■ INPUT DATA:
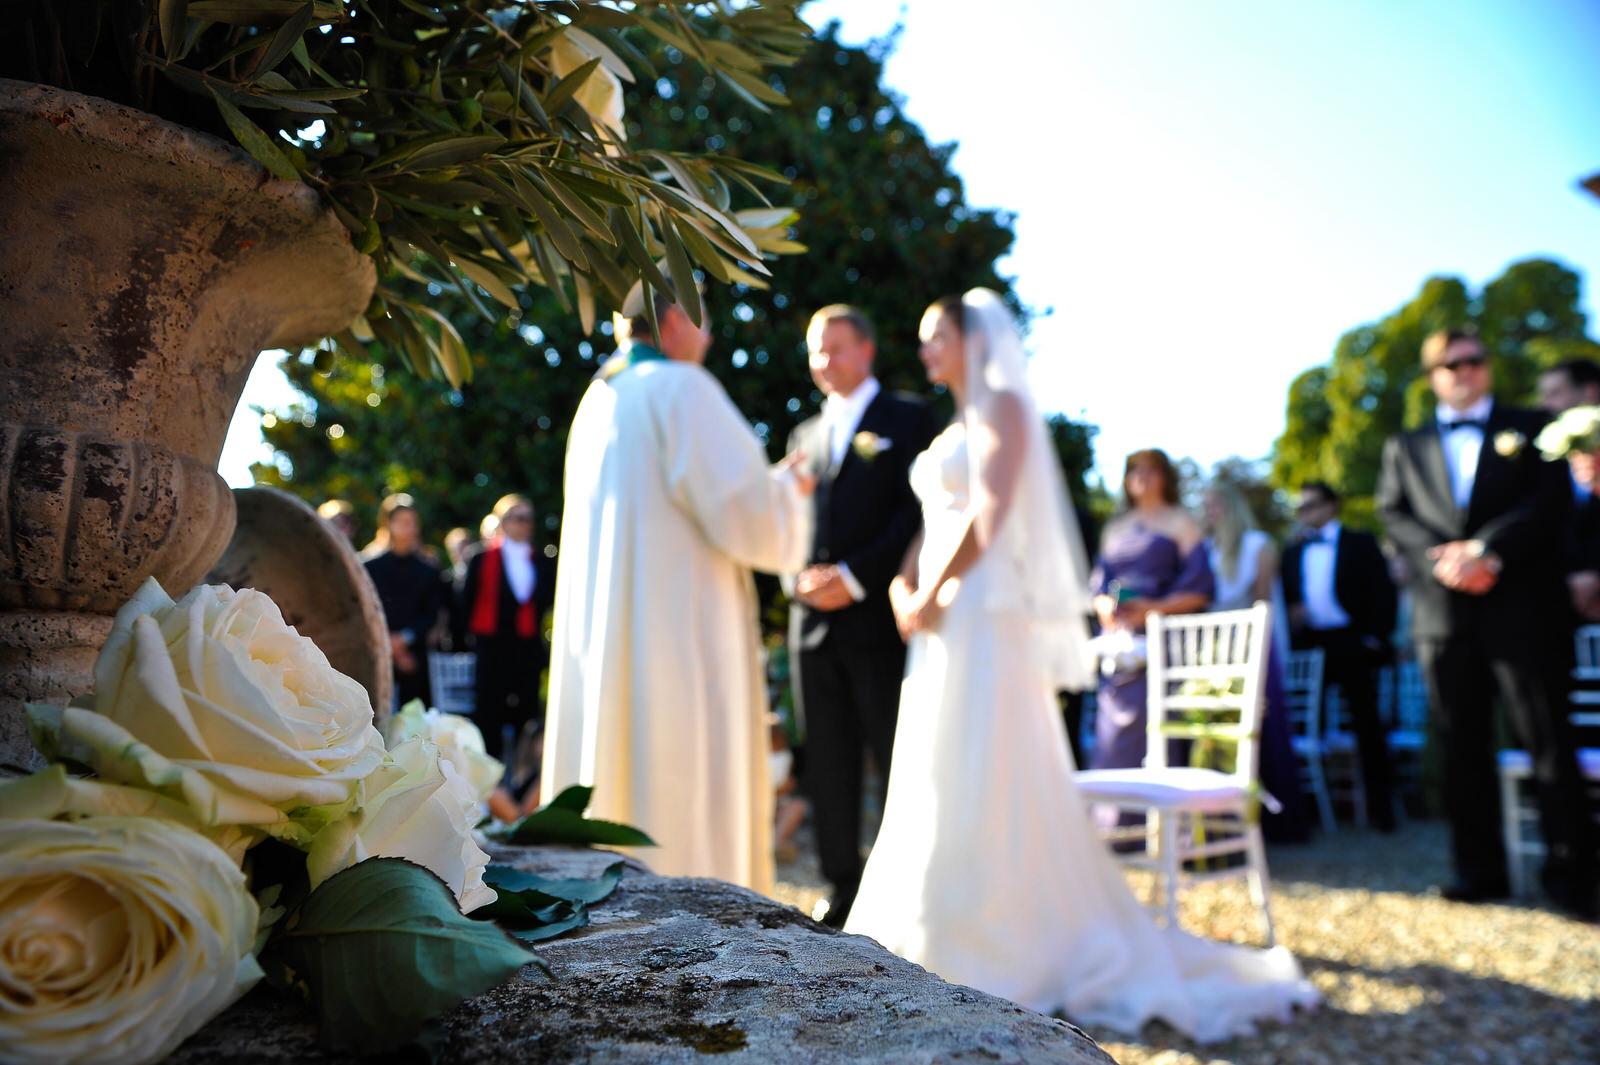 tuscany-wedding-planners-ceremonies-02.jpg
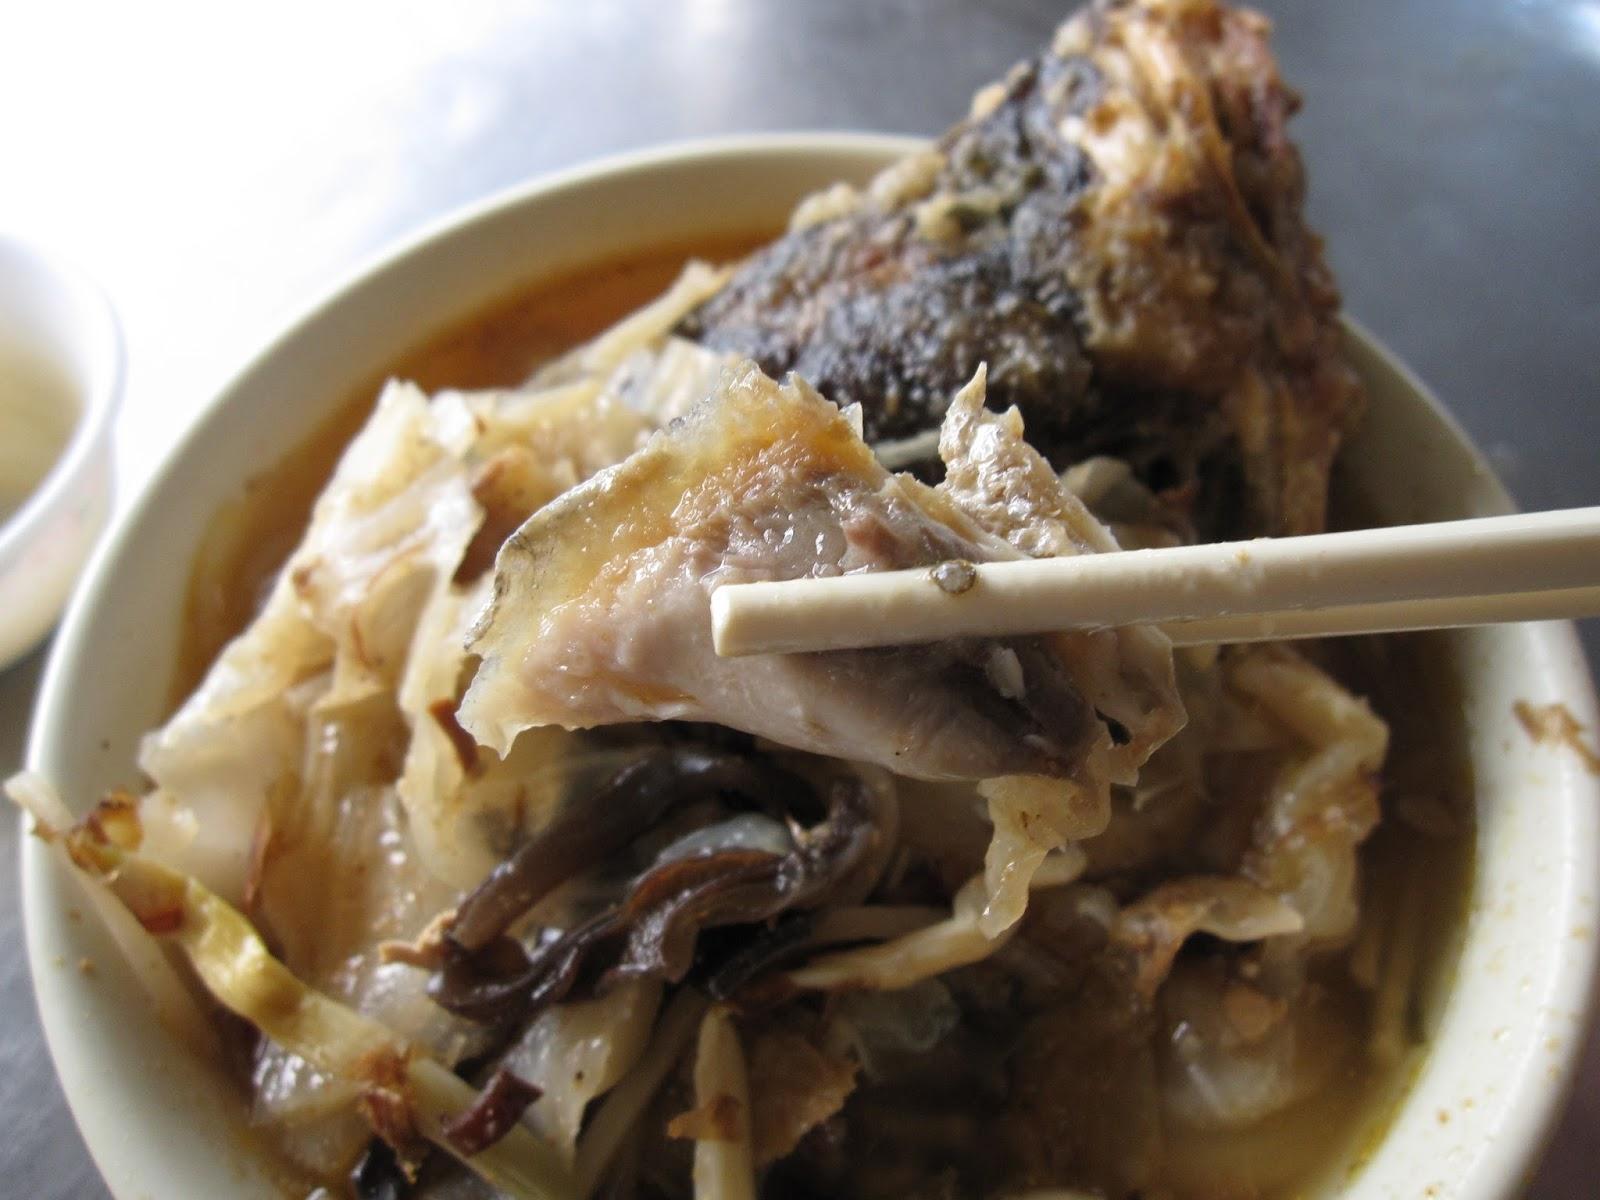 popopig eat everywhere: 臺南 太子路砂鍋魚頭
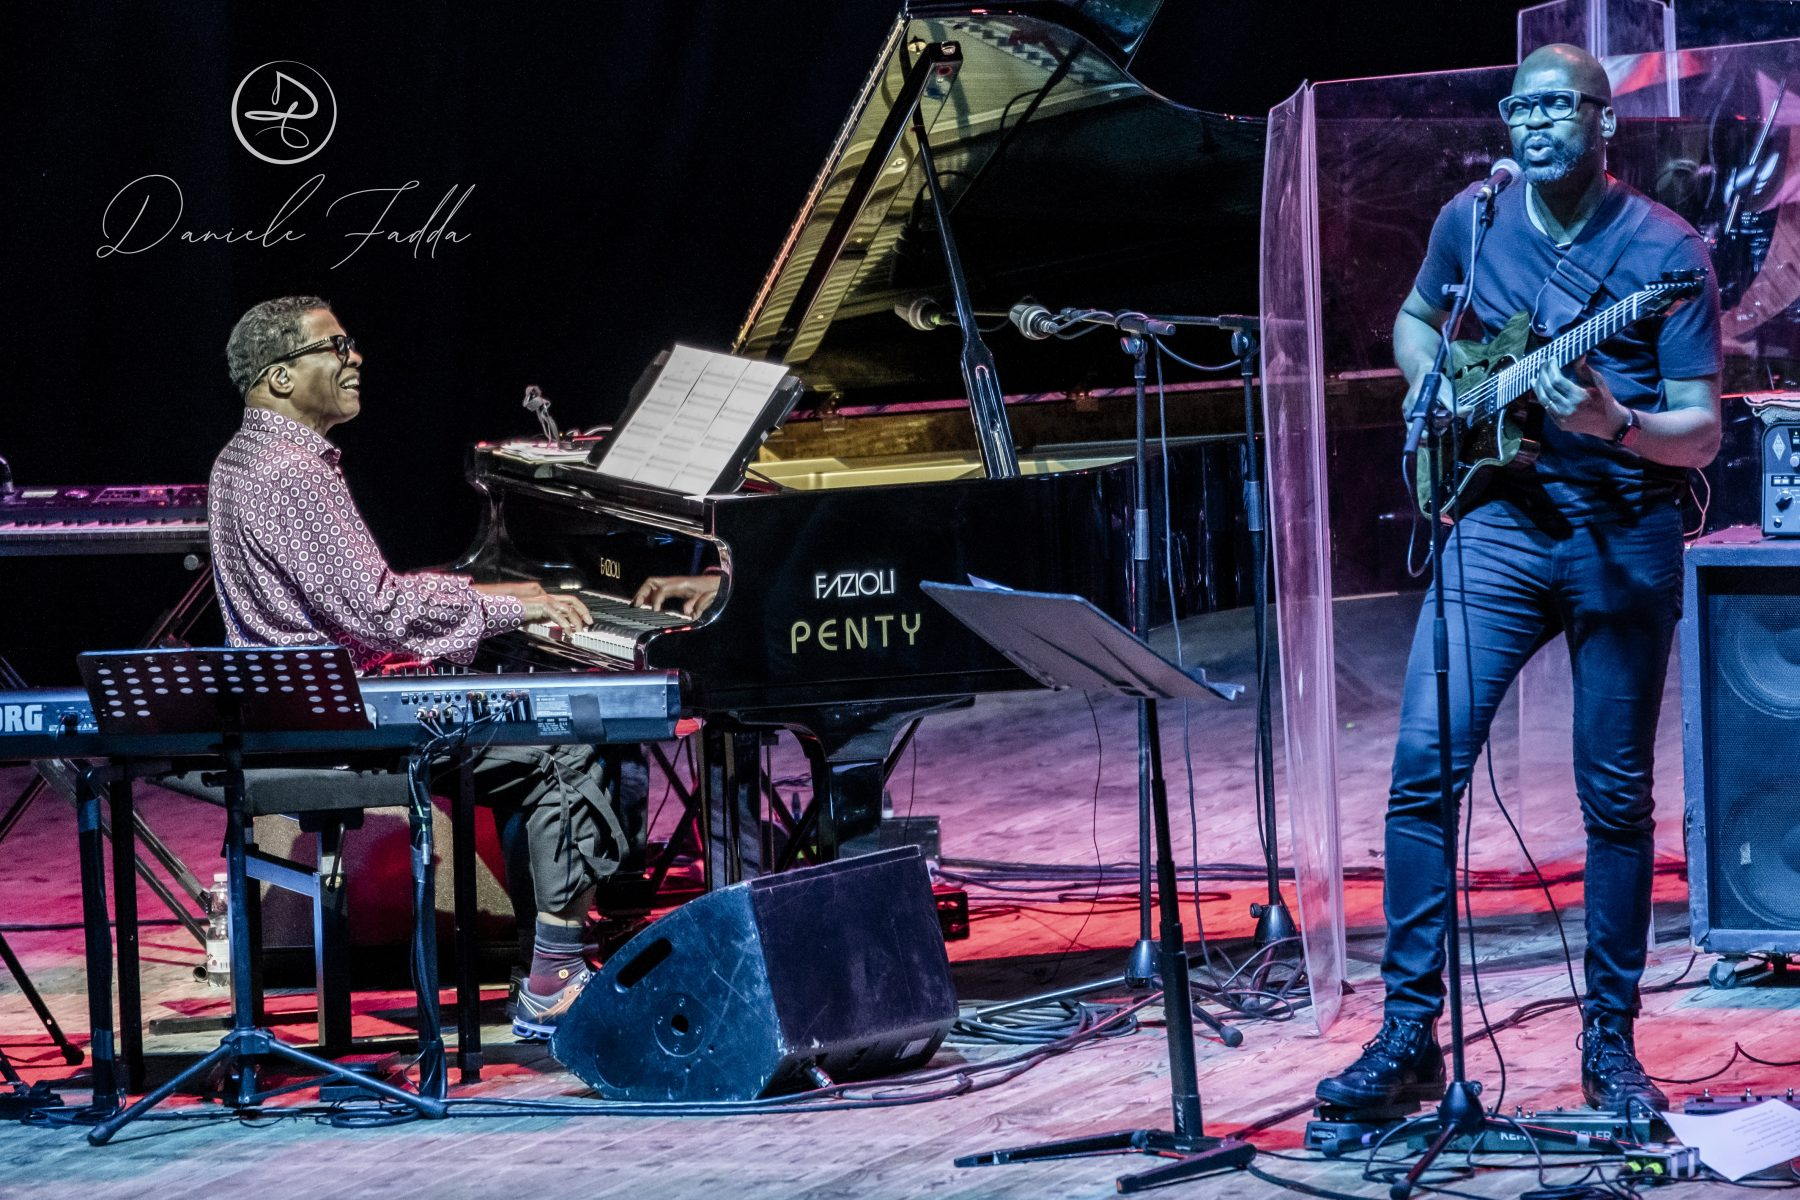 European Jazz Expo - Daniele Fadda - 2019 - Sa Scena Sarda

■ WHAT THE TASK ASKS: Please copy the data above word for word, but only from the line that contains "popopig eat everywhere: 臺南 太子路砂鍋魚頭" through the final line, both included, and without the pictures.

■ TASK RESPONSE:
 popopig eat everywhere: 臺南 太子路砂鍋魚頭
 European Jazz Expo - Daniele Fadda - 2019 - Sa Scena Sarda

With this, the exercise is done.